Try playing with this calculator (or one of many others out there):
Subwoofer Enclosure Calculators, Parallel, Series, Port Length and Volume


----------



## Jay Mack (Nov 22, 2016)

THat is very helpful. I had asked because the "tech" assistant at Kicker insisted that lengthening the [slot] port raised the tuning fq and shortening the length lowered it. I didn't think so.

I have a 1.75 cu.ft. vented/slot ported enclosure for a Kicker 10" CompR built to Kicker's recommended specs. The port was 10.5" x 2.5" x 20" and it just sounded floppy. I increased the slot port length by about 10" using an ingenious construct I devised myself and wow it was a game changer. It improved the whole system that was pretty good to begin (system includes two sealed 10" JL Audio 3W3s in the back seat). I'm sure it's tuned down to at least 34 Hz now.

The whole system tuned WAY down and the ported sub seems to tune the sealed subs down too, without losing the sealed sub snap and tightness. It was a big improvement. The car itself vibrates a bit.

[You don't mind if I like Kicker subs, in spite of the wanting tech help? I just find them easy to work with and unintimidating.]


----------



## Justin Zazzi (May 28, 2012)

Jay Mack said:


> [You don't mind if I like Kicker subs, in spite of the wanting tech help? I just find them easy to work with and unintimidating.]


Nope, not at all.

If however you were to insist on using esoteric and outrageously overpriced equipment where the salesperson insists you can smell the type of wine the singer was drinking just before making the recording, then I might mention you were scammed.


----------



## Jay Mack (Nov 22, 2016)

Jazzi said:


> Nope, not at all.
> 
> If however you were to insist on using esoteric and outrageously overpriced equipment where the salesperson insists you can smell the type of wine the singer was drinking just before making the recording, then I might mention you were scammed.



Jazzi, I do sense a certain, er ... , dissatisfaction with either JL or Kicker on your part.
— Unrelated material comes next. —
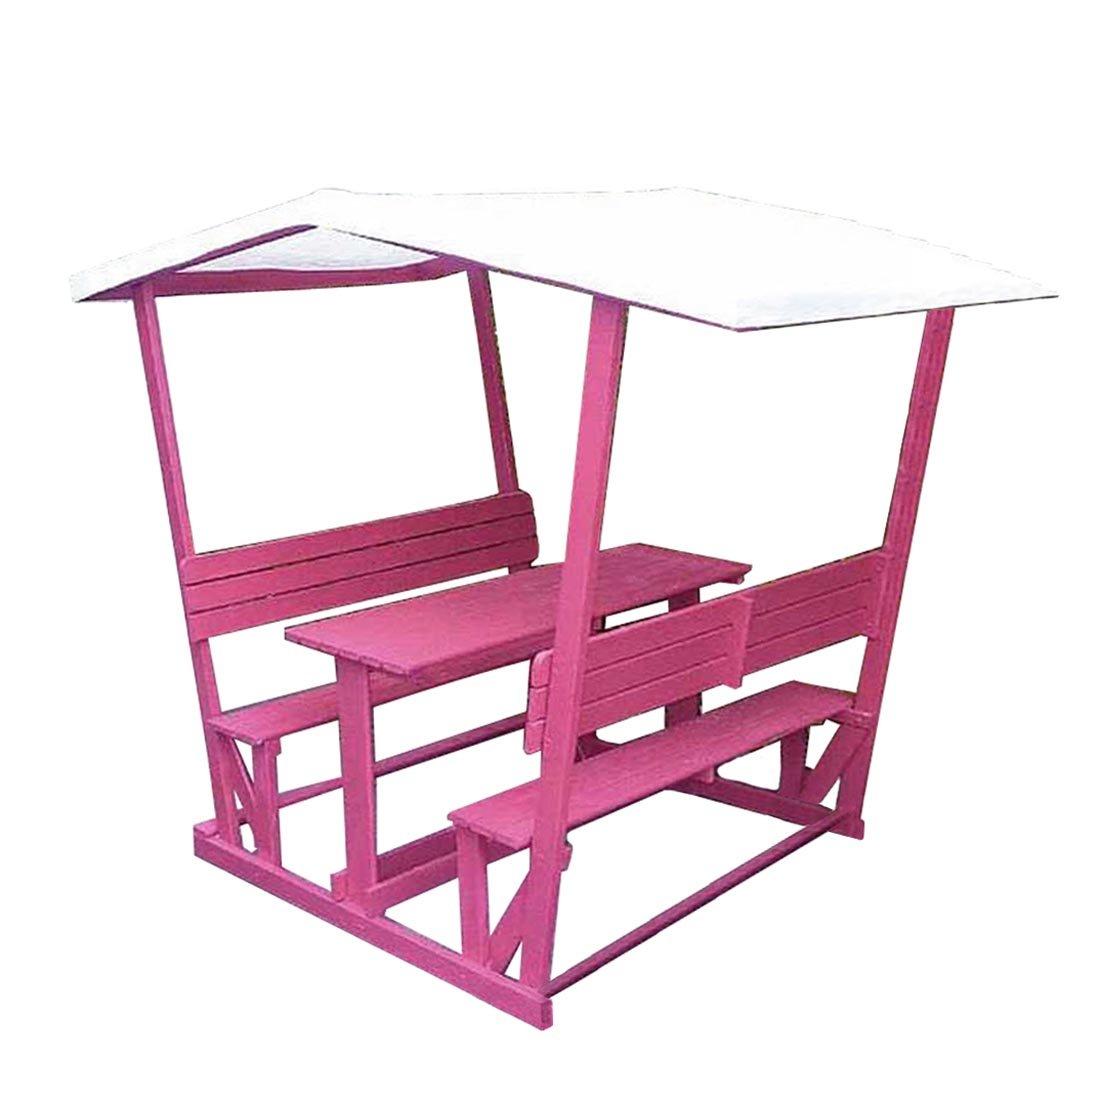 promadino Kinder-Gartenmöbel Kinderpavillon Anna günstig kaufen

I'd be delighted to be guided to a more satisfactory line of 15", 12" and 10" products in the 300 - 600 watt RMS range.

Please feel free to enlighten me. Please, do.




{BTB, I see you are in the Bay Area. I'm a Berkeley Boy myself. I only get back there once a year or so for homecoming though.}


----------



## Bayboy (Dec 29, 2010)

Lengthening a port of an already existing alignment will change the response. May not be that bad since in the car you will probably have to make EQ cuts anyway, but if the goal was to have a flat response (out of car) then it will change. Normally if you want a lower tuning, then the volume of the enclosure changes as well.


----------



## Jay Mack (Nov 22, 2016)

Bayboy said:


> Lengthening a port of an already existing alignment will change the response. May not be that bad since in the car you will probably have to make EQ cuts anyway, but if the goal was to have a flat response (out of car) then it will change. Normally if you want a lower tuning, then the volume of the enclosure changes as well.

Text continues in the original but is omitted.